Cut-off grades. Everyone gets hung up about cut-off grades, as if they’re voodoo. The basic text is Lane’s Economic Definition of Ore (1968) but it’s a tough read. By way of simple explanation:

The first thing that needs to be understood is what is the limiting factor of the mine. Is it mine limited, mill limited or market limited?

• An open pit can mine as much dirt as you like, but the mill has a capacity of 1.5Mtpa, so it’s mill limited.
• An underground mine can fit 1Mtpa up the decline to feed a 1.5Mtpa mill. It’s mine limited.
• A crappy iron ore junior could sell 8Mtpa of 58% high-phos fines in 2012, but now can’t sell a cracker. It’s market limited.

Mill limited is generally the case. Market limited is difficult to analyse and I won’t go into it here. Nor will I go into the mathematics, but, when analysing cut-off grades, fixed costs are added to the limiting factor.

So, for the open cut, the mill operating cost is, say, \$25/t plus \$8/t fixed costs (rule of thumb – each department in a mine costs at least \$1Mpa: geology, mining, maintenance, admin, survey, safety & enviro etc.). This may have the effect of reducing the amount of ore available but also reduces the variable mining cost, which, counterintuitively, may also expand the pit to find more ore to pay for the fixed costs. It depends on the operation.

Cut-off grades introduce opportunity cost. Each tonne of ore fed into a mill in a mill-limited or mined in a mine-limited operation potentially displaces a tonne of higher-grade material that could produce higher margins at the same operating cost.
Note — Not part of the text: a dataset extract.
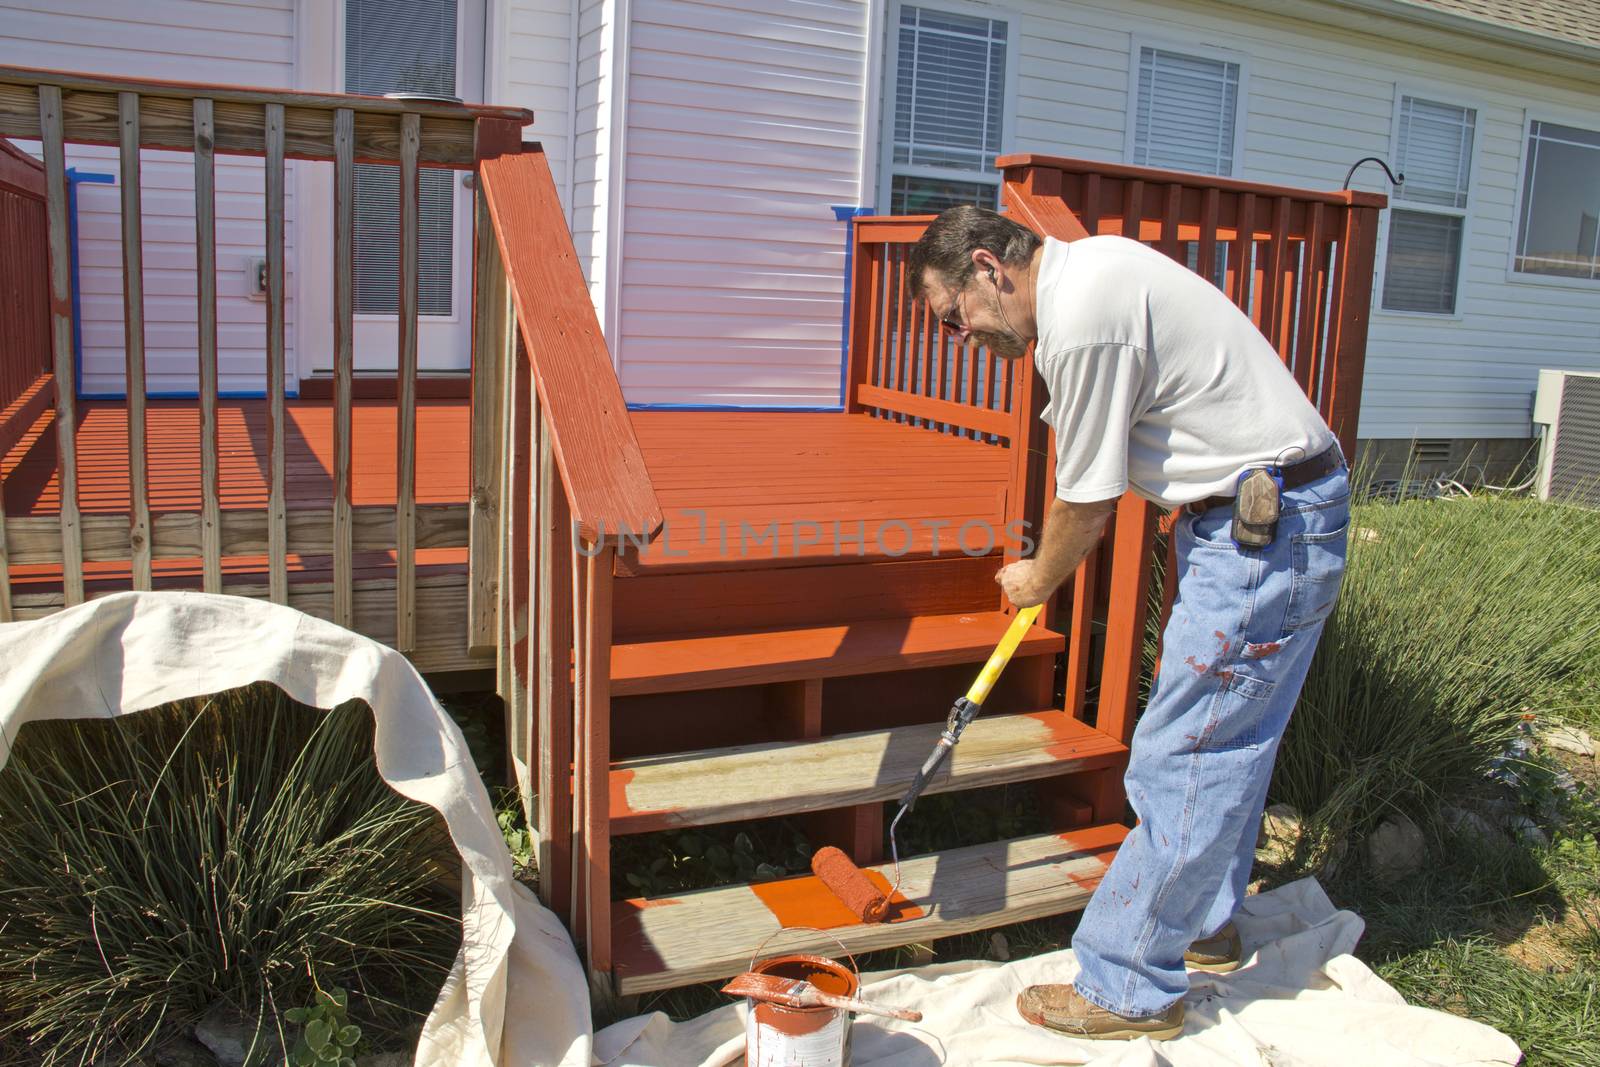 Contract painter staining deck on home to protect it from the weather
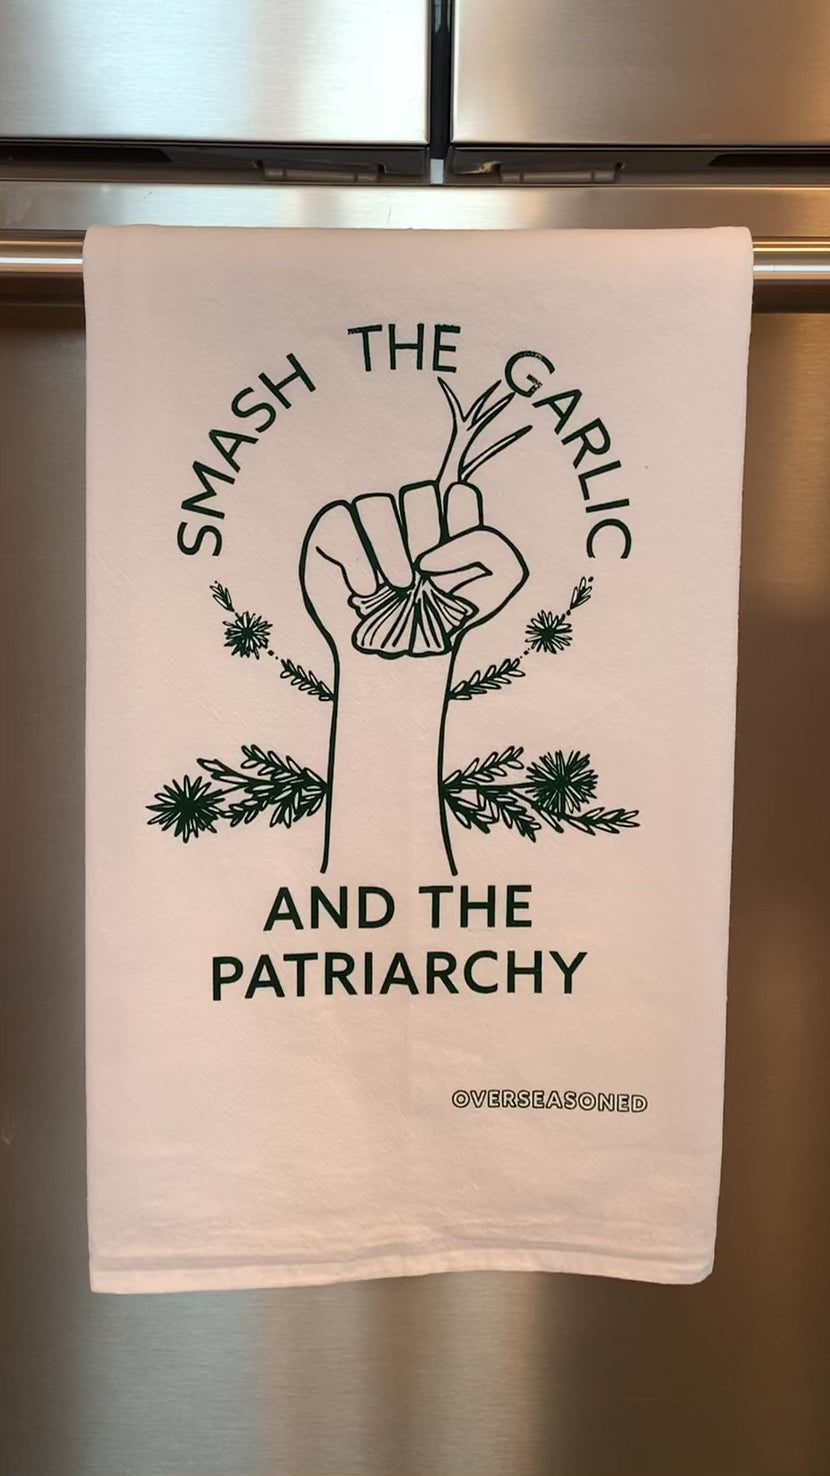 A white tea towel with green lettering that reads "Smash the Garlic and the Patriarchy" and a garlic illustration hangs in a kitchen

This is why ore loss and dilution are so important (rule of thumb – 5% for each in a well managed, bog-standard pit, mostly much higher underground). If you feed in a tonne of mullock, it costs you \$33, for no return.

Having understood the limiting factor, there are usually then three cut-off grades applied to the operation:

1. Incremental cut-off grade: mill operating cost/(grade x recovery x metal price). Mathematically, the mining cost in open pits cancels out and is irrelevant – if ya don’t mine, ya don’t got no ore.

This is used to determine how much of the Mineral Resource may be economic. The best strategy is to stockpile low-grade ore or marginal ore for later processing if higher grade material is available and the dirt doesn’t deteriorate with time, reducing recoveries through (usually) oxidation of sulphides. It is better to fill the mill with this material to carry fixed costs when the project is mine limited or temporarily mine limited for some reason (eg the wet season).

1. Operating cut-off grade: (mill operating cost + mine operating cost + site overheads)/(grade x recovery x metal price). This is used in mine planning for monthly, quarterly, annual plans, whatever.
2. Full cut-off grade: (mill operating cost + mine operating cost + site overheads + opportunity cost)/(grade x recovery x metal price). This is used to maximise the margins early on in the life of the mine to maximise NPV and repay capital.

The opportunity cost is where most people become confused. An opportunity cost is defined as “the cost of taking a particular course of action as opposed to another option”. Lane mathematically relates opportunity cost in mining projects to a project’s present value and discount rate, simultaneously calculating cut-offs for mining, processing and marketing to result in an optimal cut-off. Again, the mathematics is involved. This can be done on a spreadsheet, but there are a number of commercial software algorithms that do this.

From these cut-offs, the engineer can derive a schedule and cash-flow model.

It’s important to consider that cut-off grades are boundary values. Three simple rules:

1. Don’t process anything that makes less money
2. Fill the mill to ensure fixed costs are covered. How many projects are there that have large legacy mills with large fixed costs but not enough ore at hand to fill the mill? Campaign milling is not ideal.
3. Fill the mill with the material that makes the most money first.

The actual cut-offs applied are an output and not an input.

At the end of the mine’s life, when the Resource has been mined and the mill paid off and the Directors are backslapping and high-fiving, the stockpiled marginal ore can be fed through the mill, hopefully producing sufficient revenue to pay for rehab and closure costs.

Time dependent, folks. The Competent Person for Reserves MUST take a reasonable view on future commodity prices and exchange rates. For example, if you see a cobalt “Reserve” that uses a cobalt price significantly greater than the consensus future price at the time of reporting (and there’s plenty of places you can get this from), then run or start shorting.

A lot of this stuff can be automated by various software packages, which takes the labour out of it and is better at performing complex iterations and examining constraints. But it is important that the resultant schedule be carefully examined by a competent engineer and modified to smooth production. A lumpy schedule causes variable demands on equipment, which leads to operational problems.

In short, no meaningful schedule, no Ore Reserve. The engineer must demonstrate that the ore is physically accessible during the life of the operation. An annualised summary just doesn’t cut it.